Penyakit jantung bawaan ini bisa dideteksi sejak lahir. Penyakit jantung bawaan ini dikelompokkan menjadi 2 jenis, yaitu biru dan tidak biru.

  • Penyakit jantung bawaan biru (sianotik) lebih cepat menimbulkan gejala dan paling mudah dikenali. Gejala yang paling sering ditemukan adalah bayi menjadi biru ketika menangis (bibir, kuku, dan lidah menjadi). Wajah bayi tampak pucat dan biur, ujung tangan dan kaki juga kuku terlihat kebiruan akibat kurangnya aliran darah.
  • Penyakit jantung bawaan tidak biru (non-siantonik), yaitu penyakit jantung bawan yang tidak menimbulkan warna kebiruan pada aank. Penyakit jantung bawaan nonsianotik ini umumnya menimbulkan gejala gagal jantung, ditandai dengan sesak yang memberat ketika menetek/beraktvitas, bengkak pada wajah, anggota gerak, dan perut, serta gangguan pertumbuhan yang menyebabakn kekurangan gizi.

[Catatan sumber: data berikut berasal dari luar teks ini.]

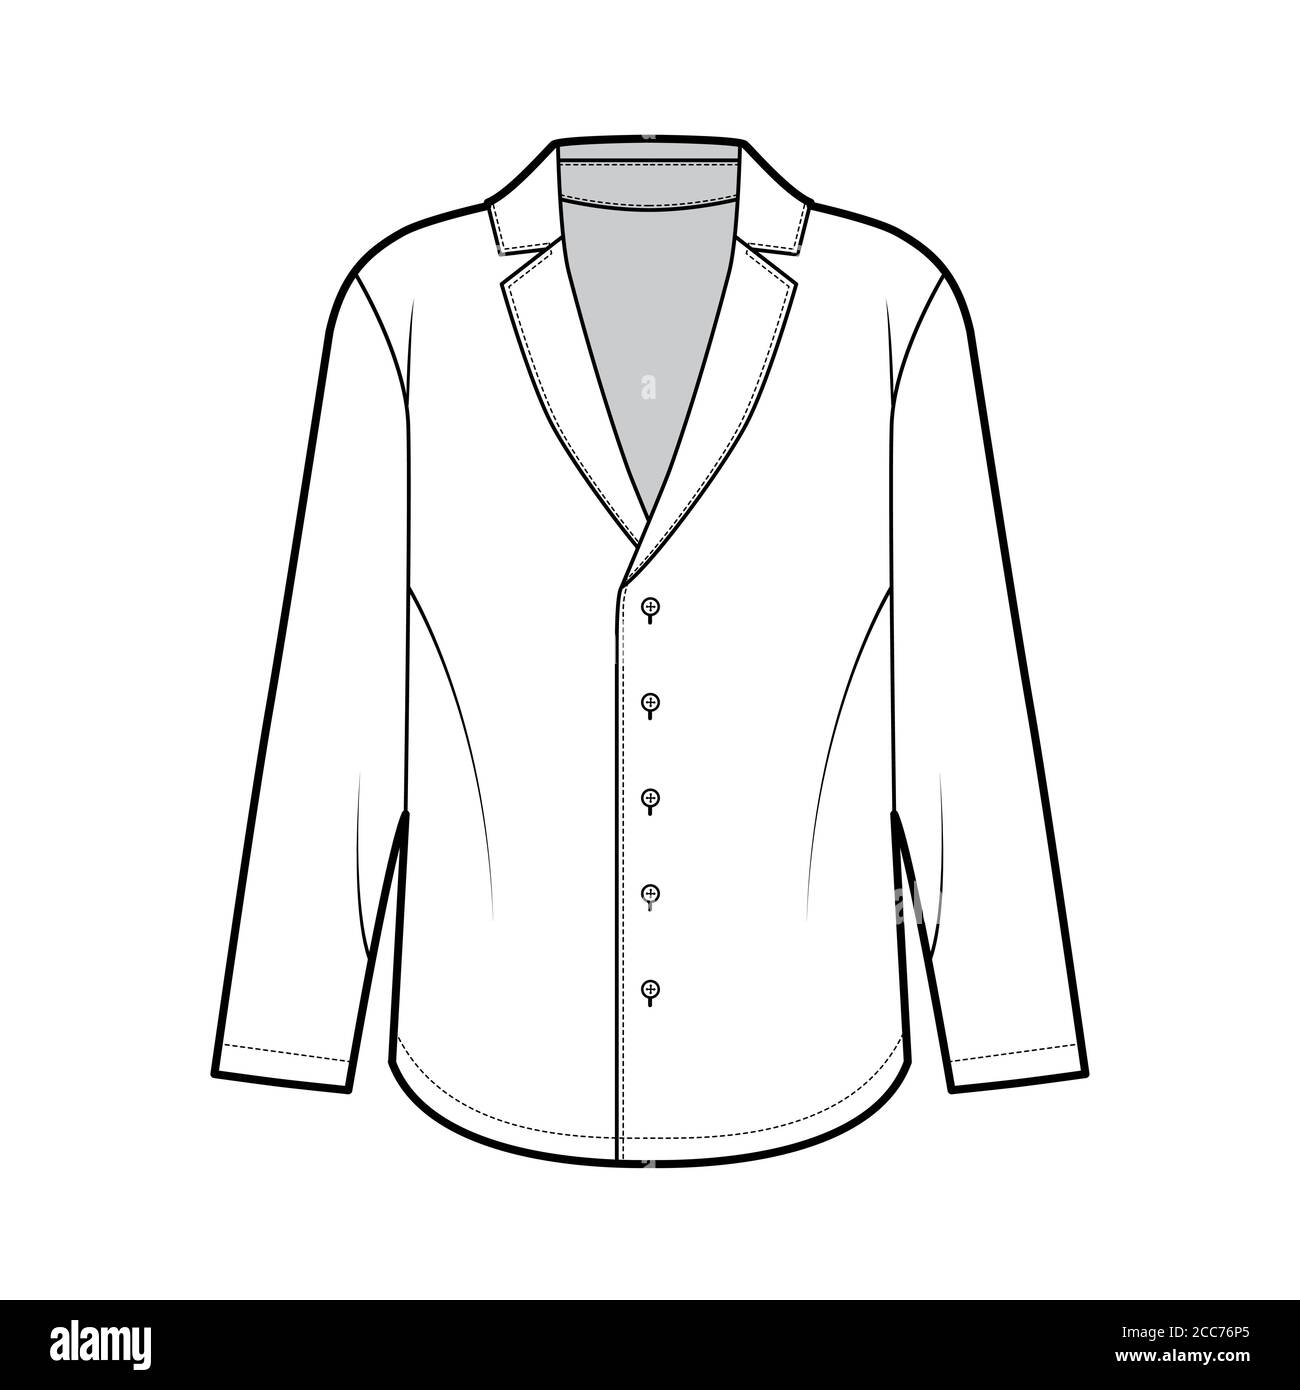 Camisa de estilo pijama ilustración técnica de moda con silueta suelta, cuello de muesca en delanteros, mangas largas. Plantilla de indumentaria plana color blanco. Mujeres hombres unisex top Imagen

Baca juga : Obat Jantung Bocor Anak

Namun, pada umumnya bagi dengan penyakit jantung bawaan tidak menunjukkan gejala, maka perhatikan jika bayi memperlihatkan gejala berikut :

  • Keringat dingin atau pucat
  • Detak jantung terlihat lebih cepat
  • Sering mengalami infeksi saluran pernapasan
  • Pertumbuhan terhambat (berat badan sulit naik)
  • Bayi sering berhenti menyusu, karena napasnya tersengal-sengal
  • Kulit kebiruan, terutama jika aktivitas meningkat seperti menangis
  • Mudah lelah, anak berjalan sebentar kemudian jongkok atau berhenti

Jika gejala tersebut muncul, segera bawa anak kedokter untuk dilakukan pemeriksaan lebih lanjut untuk memastikan jenis kelainan jantung pada anak. Semoga bermanfaat.